REQUIRED WORK: When you find the line with "Infographic med 5" among the records below, reproduce it and each line after it exactly, ending with the line with "Top, tee-shirt PROSUR Violet, mauve, lavande".

MATERIAL PROVIDED:

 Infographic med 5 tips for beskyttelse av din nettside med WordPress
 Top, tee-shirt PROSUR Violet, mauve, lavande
==
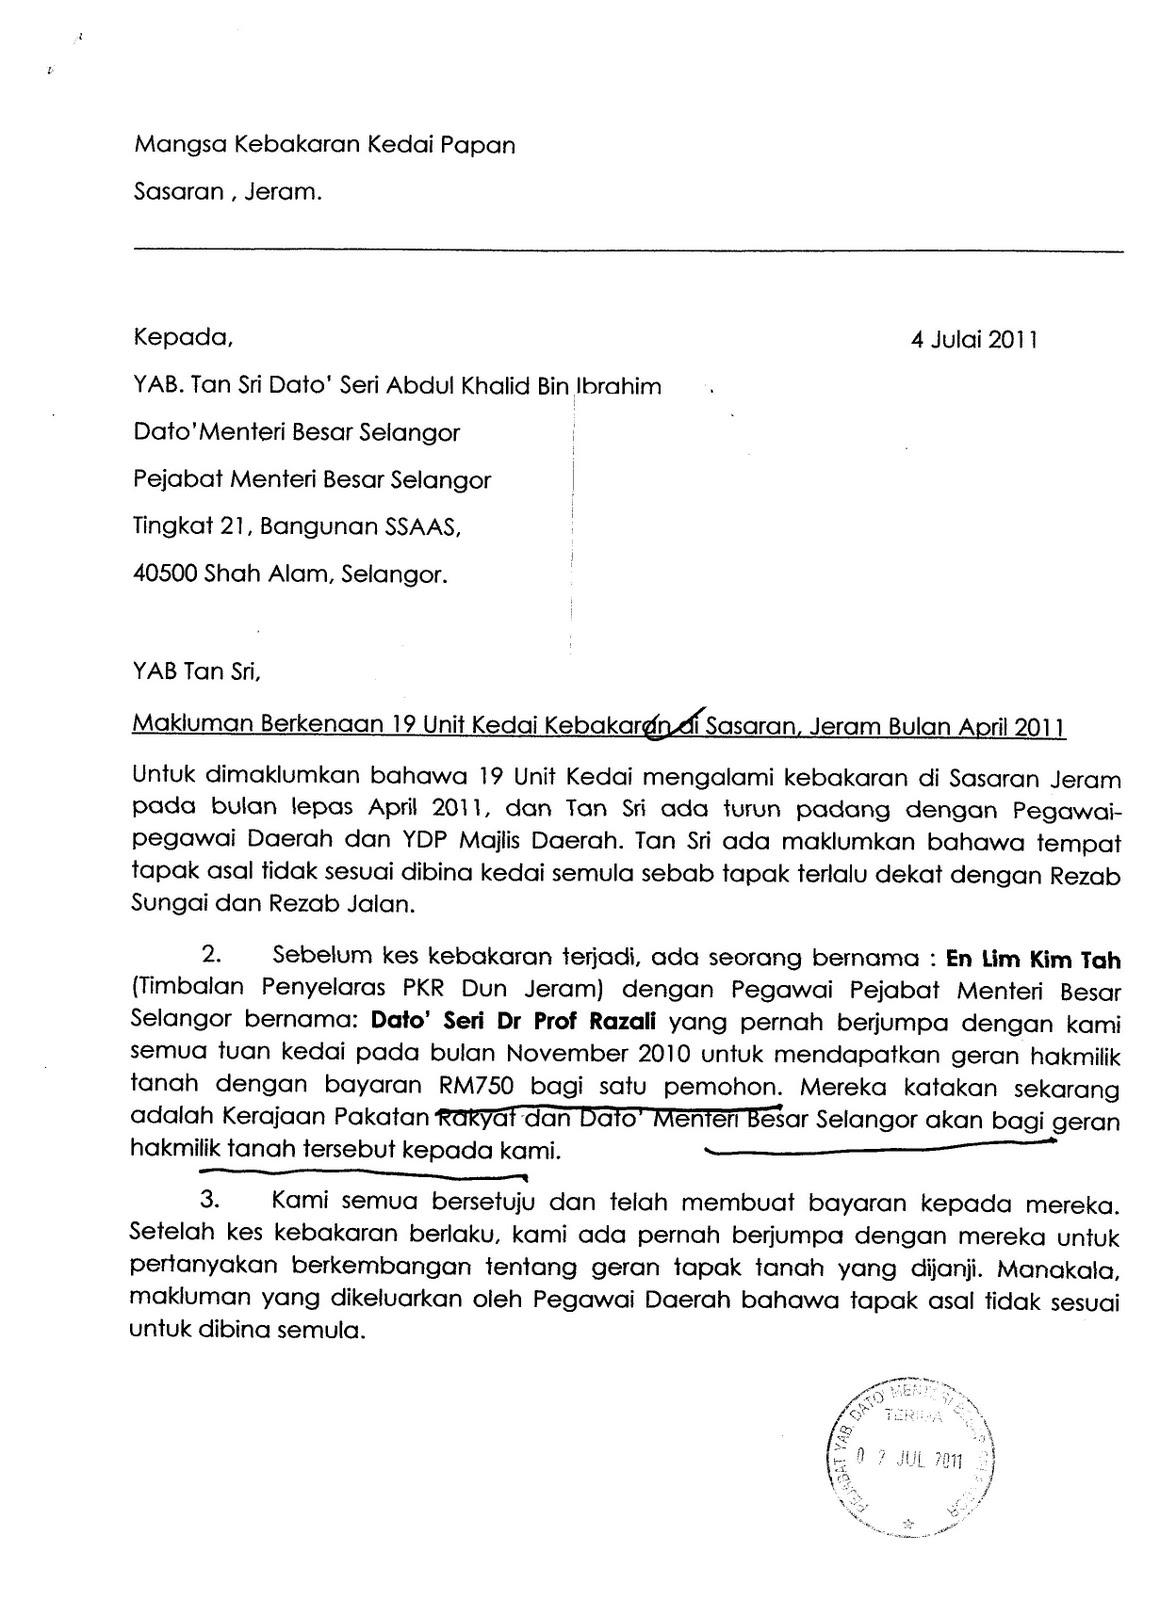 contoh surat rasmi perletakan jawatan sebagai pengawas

ANSWER TO THE EXERCISE:
 Infographic med 5 tips for beskyttelse av din nettside med WordPress
 Top, tee-shirt PROSUR Violet, mauve, lavande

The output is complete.